Treating all skin cancers with Mohs surgery is not necessary. Mohs surgery is reserved for skin cancers that grow back after previous treatment, cancers that are at high risk of recurring or for cancers that are located in cosmetic areas where preservation of the maximum amount of normal skin is important.

How is Mohs surgery done?

There are three steps involved in Mohs surgery:

  1. The skin is made completely numb using a local anesthetic. The visible cancer is removed with a thin layer of additional tissue. This only takes a few minutes and the patient may then return to the waiting room.
  2. The specimen is color coded to distinguish top from bottom and left from right. A technician freezes the tissue and cuts very thin slices from the entire edge and undersurface. These slices are placed on microscope slides and stained for examination under the microscope. This is the most time consuming part of the procedure, often requiring 45 minutes or more to complete.
  3. The doctor then carefully examines the slides under the microscope. The entire undersurface and all edges are examined. All microscopic roots of the cancer can thus be precisely identified and pinpointed.

If more cancer is found on the slides, the doctor then removes additional tissue only where cancer is present. This allows the Mohs surgery technique to leave the smallest possible surgical defect because no guesswork is involved in deciding where to remove additional tissue. Only tissue around the "roots" and extensions of cancer is removed.

Finally, the wound that was created will be closed. The way in which this is done varies depending on the site and size of the wound, and involves placing sutures. Sometimes the wounds are left open to heal naturally.The doctor will discuss the options with you prior to repairing the wound.
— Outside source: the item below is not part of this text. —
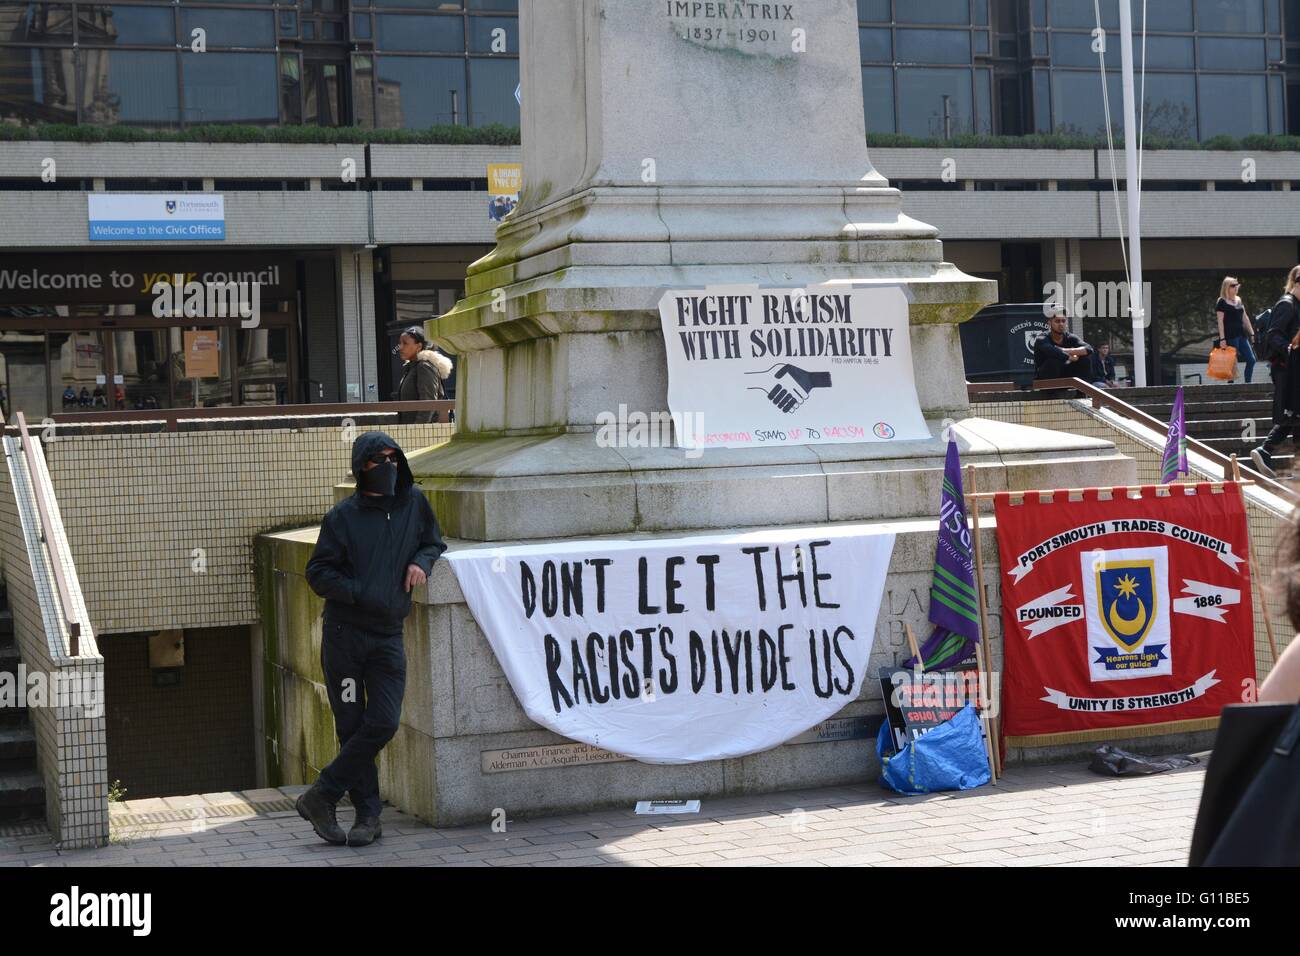 Portsmouth, UK. 7th May 2016. Anti-fascist protester stands in the shade on a gloriously sunny day. Credit: Marc Ward/Alamy Live News Stock Photo
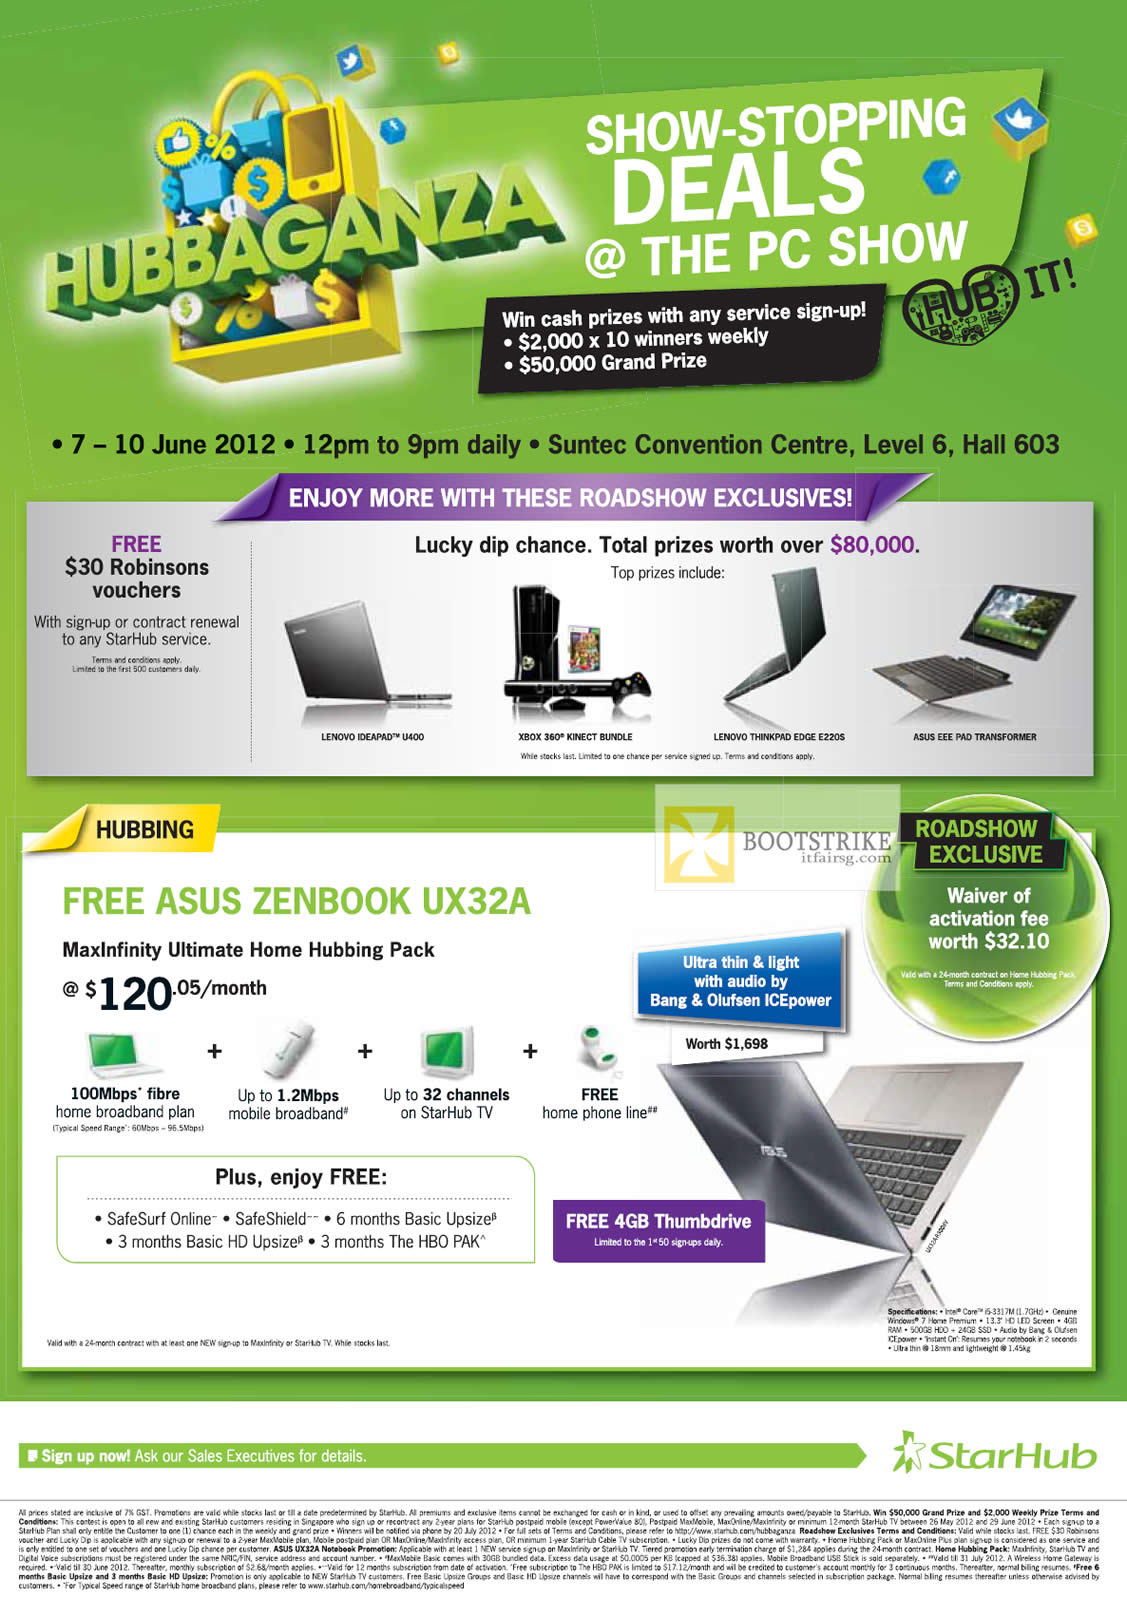 PC SHOW 2012 price list image brochure of Starhub Lucky Dip, Robinsons Vouchers, Hubbing Free ASUS Zenbook UX32A

Preparing for Mohs surgery

DO:

  • Eat a normal meal before surgery
  • Tell your doctor if you have any allergies to medicines, have a bleeding problem or require antibiotics prior to any surgical procedures
  • Bring something to read since you will be spending several hours in the office

DON'T:

  • Don't wear any make-up or jewelry the day of the surgery.
  • Don't have alcohol from one week before to one week after the surgery.
  • Don't take vitamin E, niacin, fish-oil tablets, ginko or other herbal supplements for one week before to one week after the surgery. These can thin the blood and increase bleeding during the procedure.
  • Don't take aspirin, Motrin, Advil, Aleve, Ibuprofen, Nuprin or other pain relievers other than Tylenol for one week before to one week after the surgery. These can thin the blood and increase bleeding.
  • Don't have caffeine (coffee, tea soda) the day of the surgery.
  • Don't smoke excessively (it slows healing). It's best not to smoke at all. Do not smoke within two hours of the surgery.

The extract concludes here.